В этот раз испытывался концепт Рудольфа Шривера, бывшего летчика люфтваффе и пилота-испытателя компании «Хейнкель», в последнее время занявшегося разработкой собственного летательного аппарата и предложившего несколько свежих, нестандартных идей. Его проект представлял собой модель дискообразной формы диаметром три метра с расположенным внутри по центральной оси двигателем внутреннего сгорания, чей винт, заключенный внизу в опоясывающую днище юбку, создавал подъемную силу. Управление горизонтальным полетом осуществлялось за счет щелевых сопел в юбке. Снизу аппарата присутствовали четыре небольших стойки шасси. Воздухозаборником служила вся верхняя поверхность дисколета, выполненная из люфтшвамма – нового сплава магния и алюминия, пронизанного микроскопическими отверстиями, на конструкции которого настоял Эрнст Хейнкель.

– Может, убрать этот люфтшвамм и поставить обычный воздухозаборник? – предложил хозяину фирмы Шривер. – Он создает слишком большое сопротивление засосу воздуха в двигатель и резко понижает его мощность.

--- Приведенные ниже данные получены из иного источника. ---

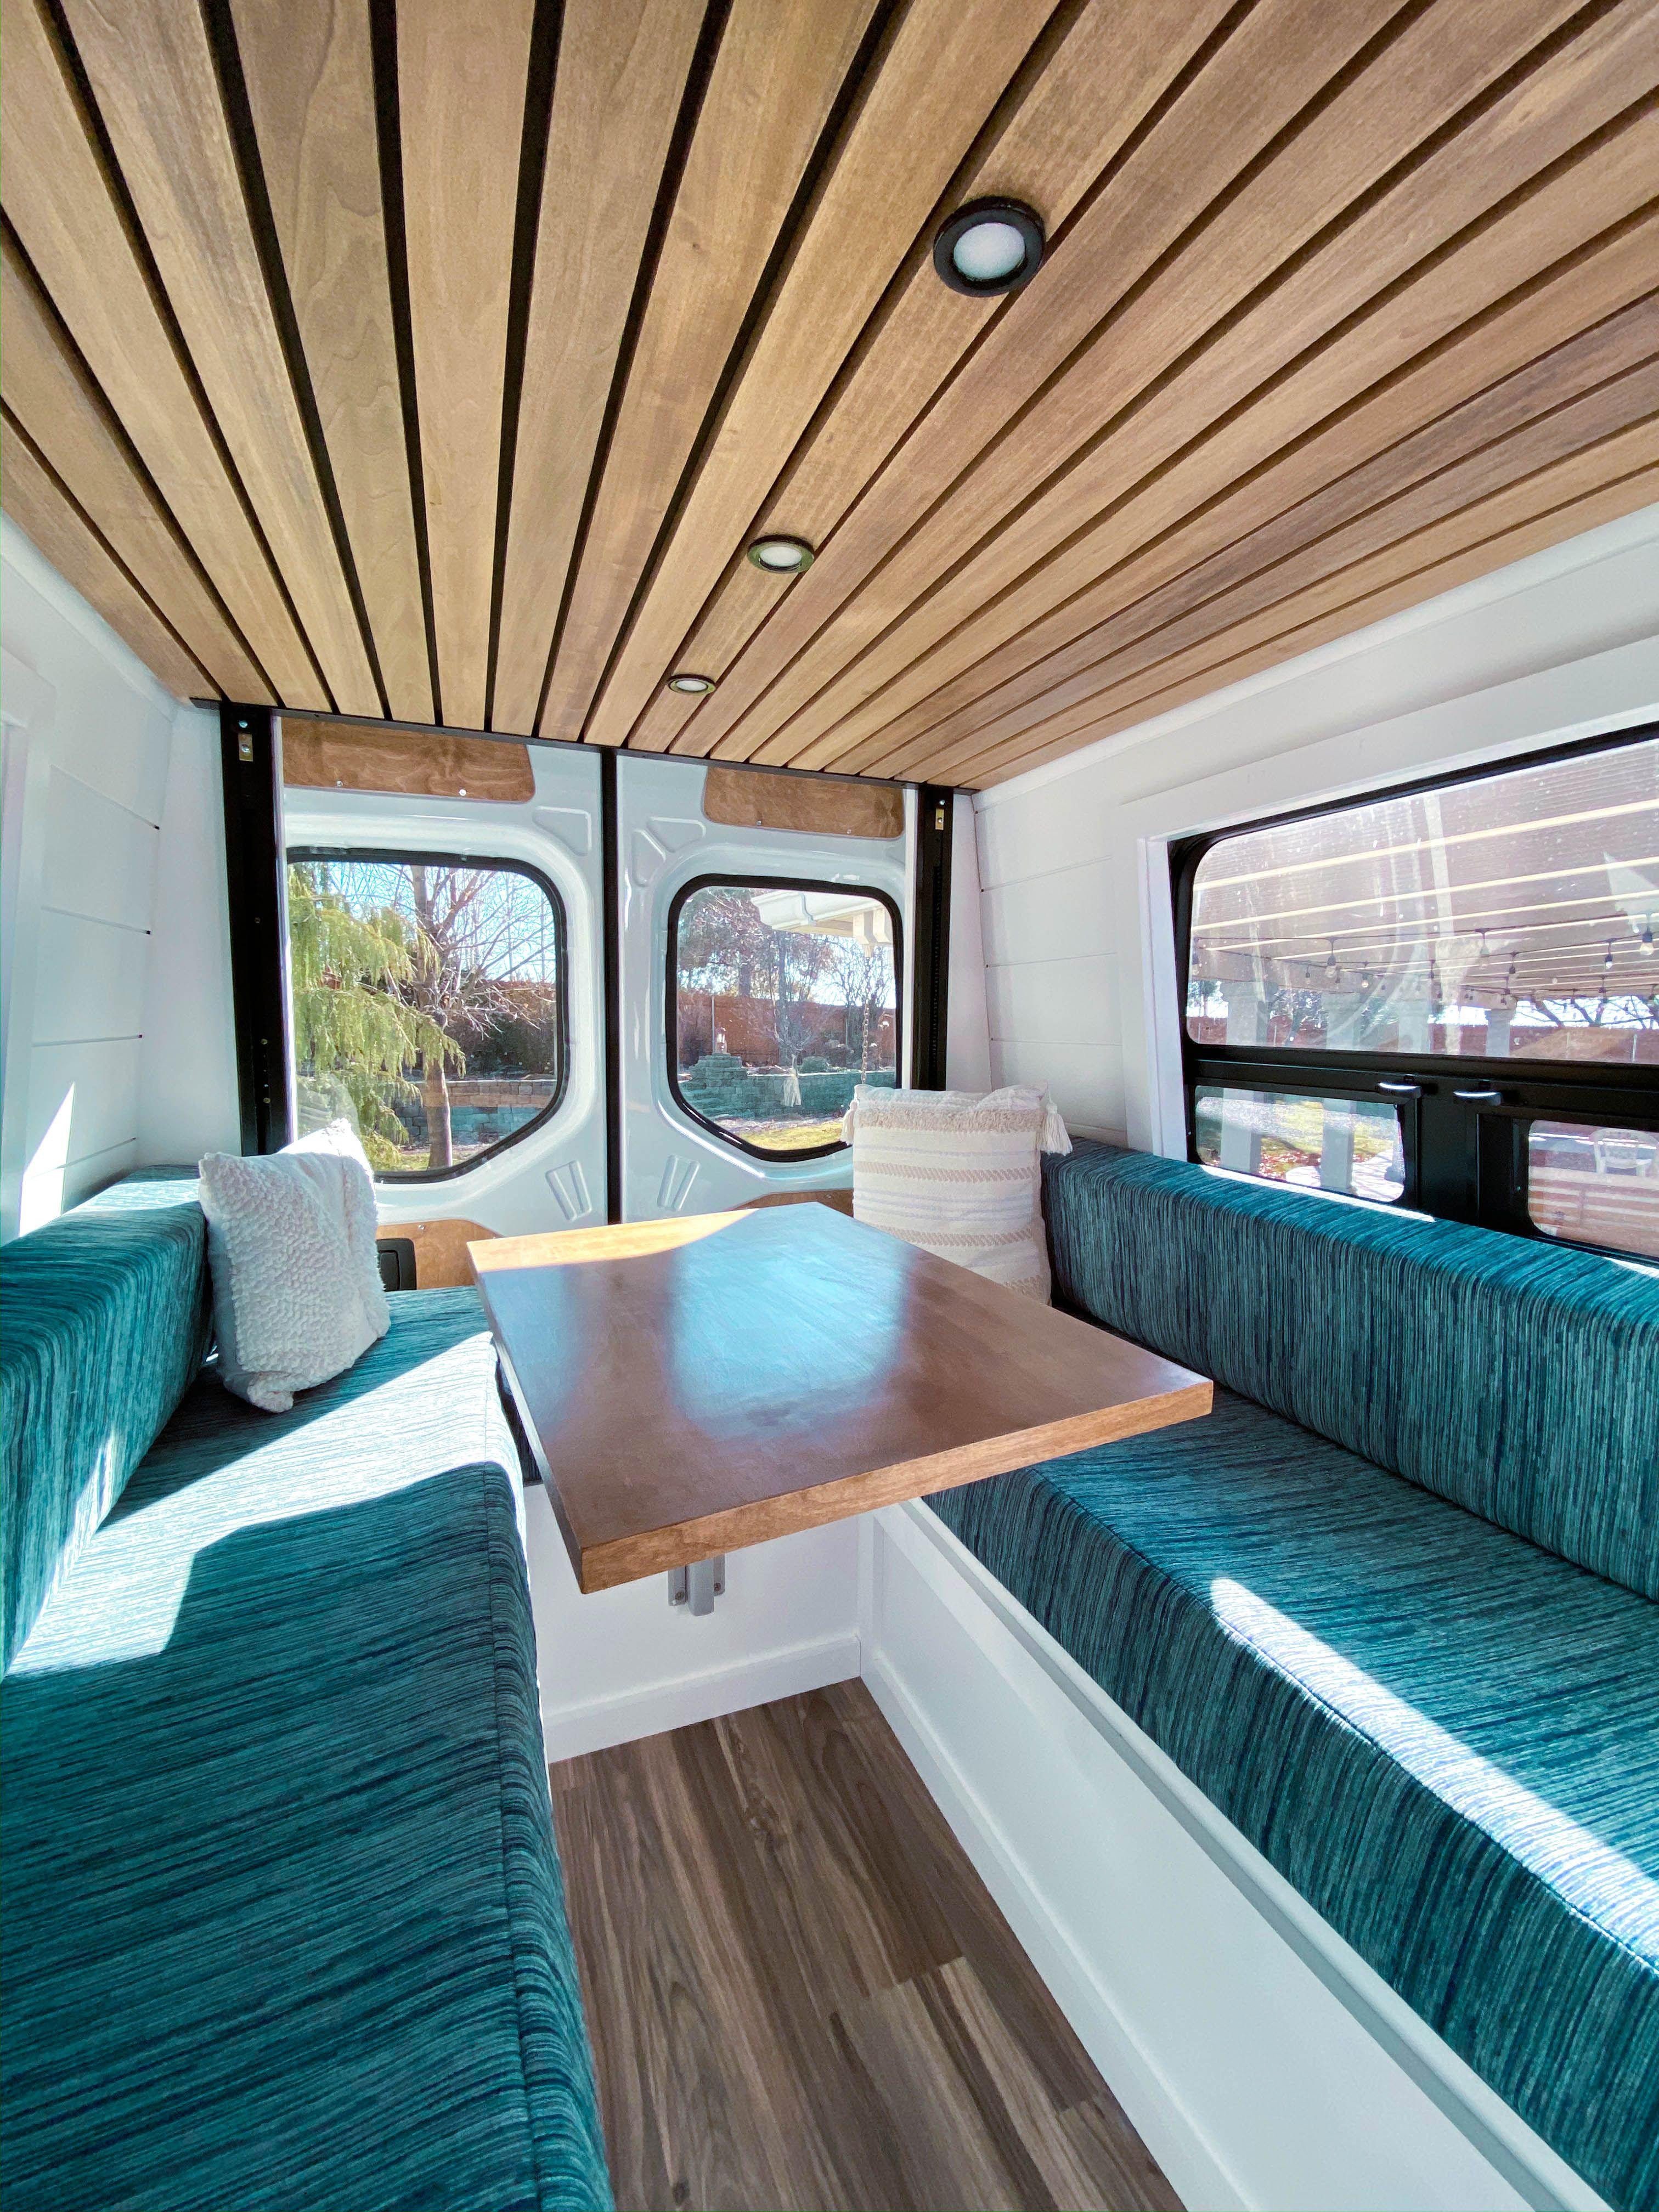 FAMILY VAN TOUR Van home, Sprinter van conversion, House

– Несомненным аэродинамическим преимуществом дисколета по сравнению с другими конструкциями является его развитая горизонтальная поверхность, представляющая собой единое крыло, способное к большим перегрузкам и обладающее малой заметностью для станций радиообнаружения5 противника. А использование люфтшвамма как единого воздухозаборника всей верхней поверхности дисколета позволит управлять пограничным слоем посредством отсоса его сквозь мельчайшие отверстия, что резко понизит трение во время полета. Мы можем обойтись значительно менее мощным двигателем и увеличить дальность действия летательного аппарата, – сказал своему сотруднику Эрнст Хейнкель. – Эту идею управления пограничным слоем я позаимствовал из патента некоего Виктора Шаубергера, заявку на который он недавно подал. Работы доктора Прандтля6, авторитетного специалиста в этой области, подтверждают правильность выбранной нами концепции.

– Почему же прототип не взлетел, если расчеты верны?

– Отсутствие успеха я объясняю недопониманием нами тонкостей управления пограничным слоем и некорректной работой люфтшвамма. Надо будет поговорить с этим Шаубергером, узнать подробности его идеи, финансово заинтересовать и склонить переписать патент на моих условиях, – подумав, ответил Хейнкель.